By Anthony Savona
A half-hour before the “C Space Storyteller: Amazon Music” session began, every seat in the room was taken. By the time the panel walked onstage, the room was packed with people filling every available space. While HD music streaming is an important and valued topic, no doubt the main reason for the throng of attendees was that one of panelists was 15-time Grammy award winning artist Alicia Keys. Keys, whose new single “Underdog” drops today in HD, was joined on stage by collaborator Emily Lazar, founder and chief mastering engineer, The Lodge, and Andre Stapleton, head of label relations—North America, Amazon Music. The session was moderated by Andrew Hampp, consultant/founder of 1803 LLC.

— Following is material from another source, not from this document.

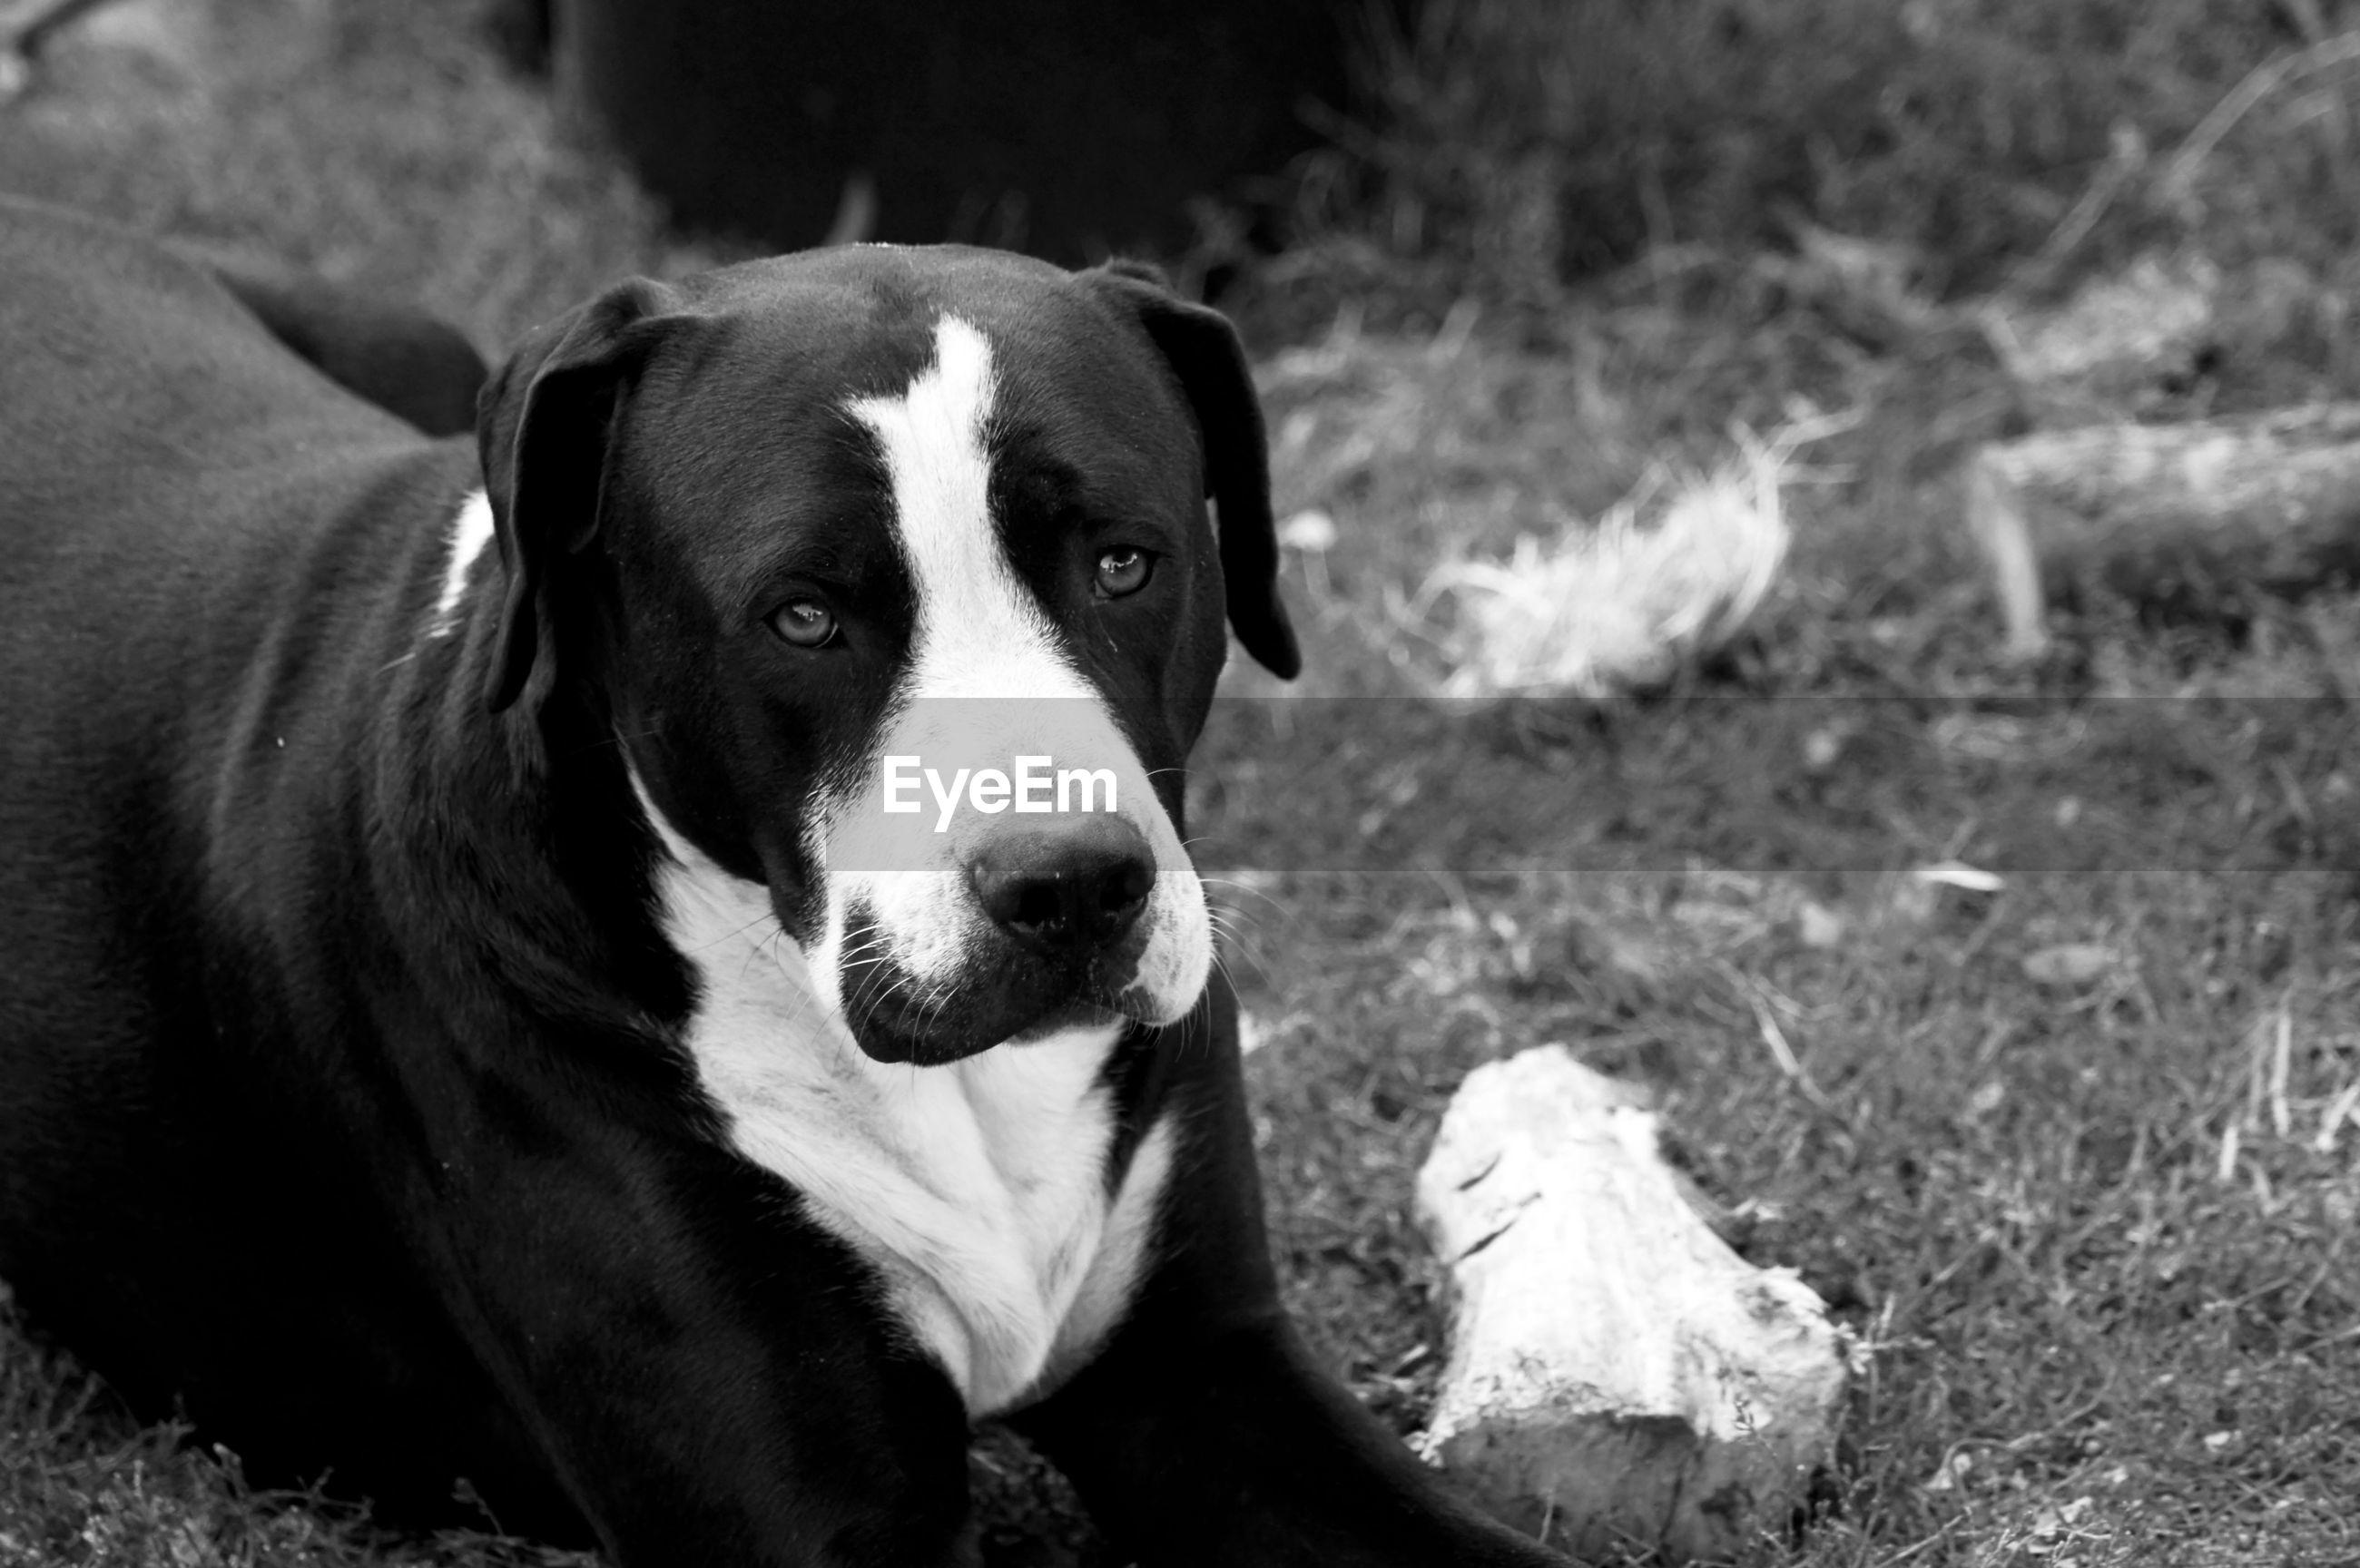 HIGH ANGLE VIEW OF DOG SITTING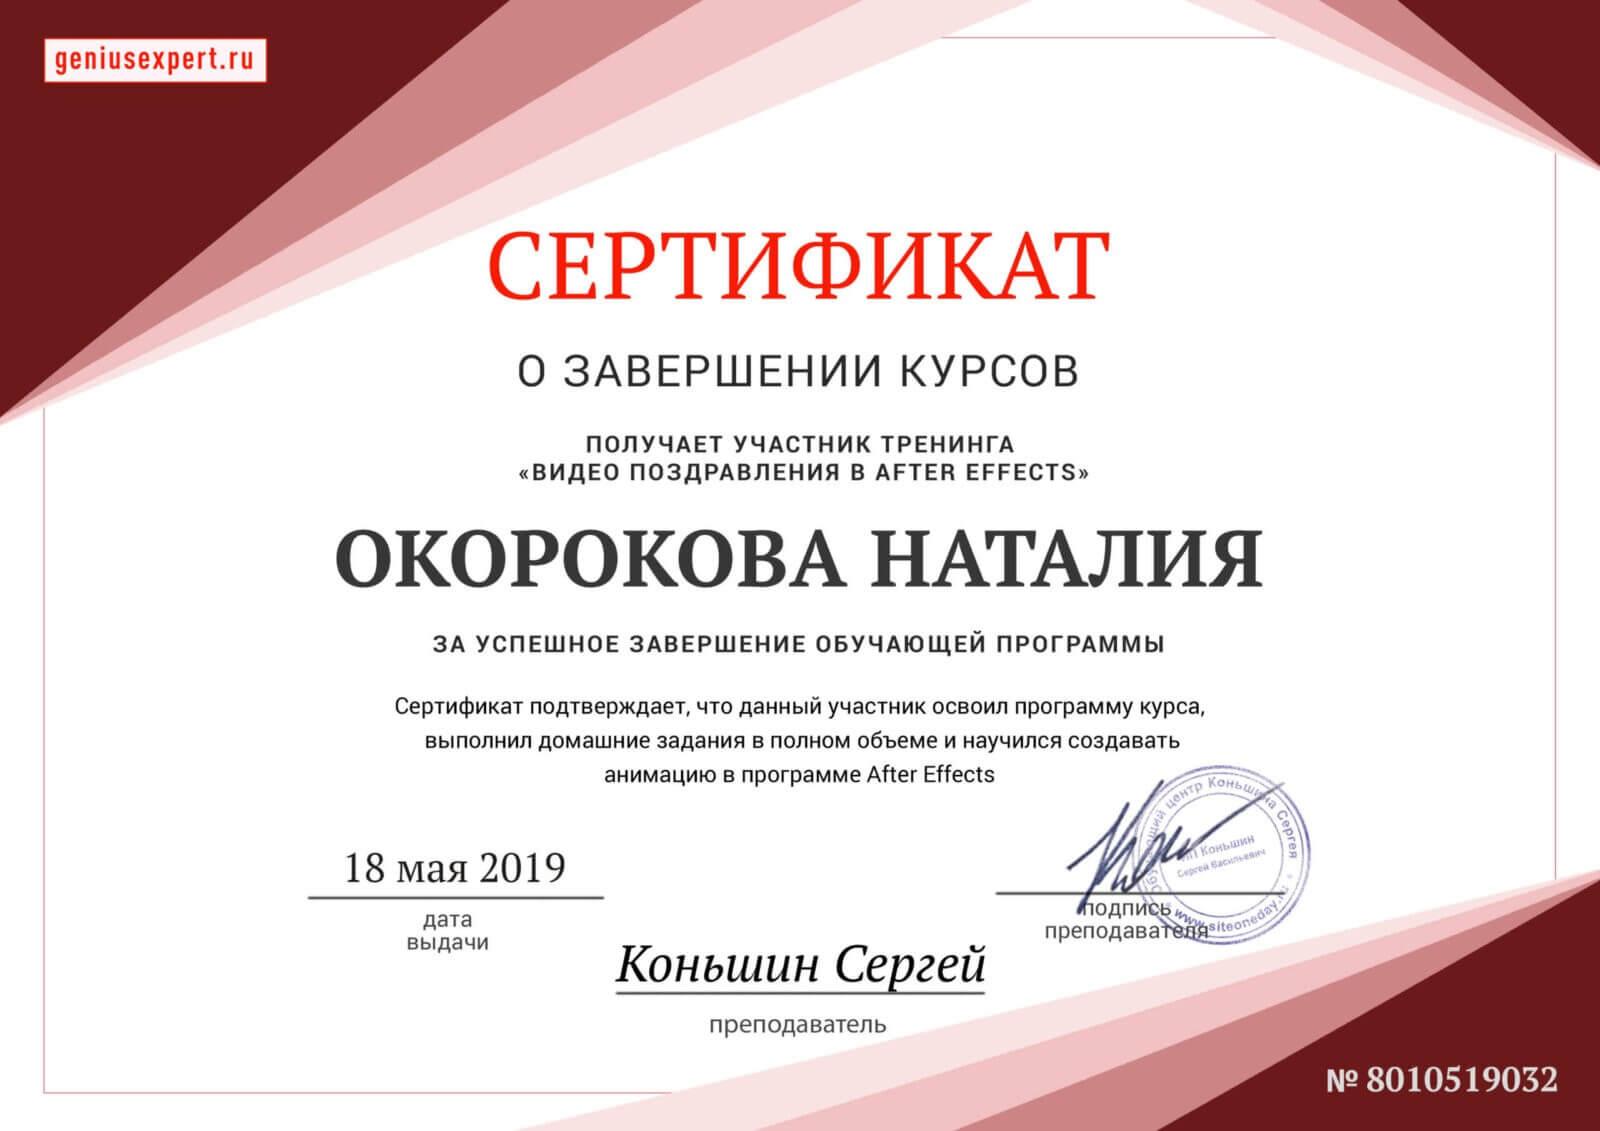 moi-dostizheniya-sertificat-po-kurcu-aftereffects

Three months ago, Amazon launched Amazon Music HD, which delivers music in lossless quality in HD (CD quality), UHD (24-bit/192 MHz), and 3D (immersive formats such as Dolby Atmos and Sony 360). “From the inception [of streaming music], there were constraints that made it cost-prohibitive to take the actual recordings from the studio and get them to the listener’s ear—bandwidth and storage issues,” said Stapleton. “As those constraints have fallen away, we set the table around a new vision of HD where we take the music exactly as it was recorded and deliver it in a lossless way to a mass market. Now we have convenience plus quality.”
The difference between standard streaming music and the HD formats is staggering, and Keys thinks it will have a profound effect on listeners. “The experience as a listener, as a fan, is what brings us together,” said Keys. “I am excited about mixing ‘Underdog’ in immersive audio and the highest HD. Music creates a spiritual experience that connects us. What is missing in the world right now is the connection between us, which allows these divisions to come to life. We need that connection.”
Lazar, herself a Grammy winner, was able to explain the difference in listening to HD vs. standard. “Music is art,” she began. “Music makes us feel things and make those connections we desperately need. I dare anyone to tell me they would pay to go to a museum and see a photocopy of a photocopy of a photocopy of Starry Night and have the same experience as looking at the real painting. How it makes you feel. It is the same visceral experience you get when you listen to music. The idea of listing to a photocopy of a photocopy of a photocopy does not work for me or any of the artists I work with.”
And listeners are appreciating the difference. For the past three months, Amazon has been analyzing the data on those who upgraded to Amazon Music HD, and they are listening to music 10 percent more with HD than they had been doing in the standard format. With the large amount of music being streamed, that 10 percent increase is “quite significant,” according to Stapleton.
As HD streaming catches on, Keys says she would like to release her catalog in HD. Lazar is ready to help. “All this music over the past decade where we have been delivering in not-the-best quality to the masses? I have been busy mixing them in HD and as soon as they can stream in high def, we got it. You will be able to experience all the albums you already love in HD.”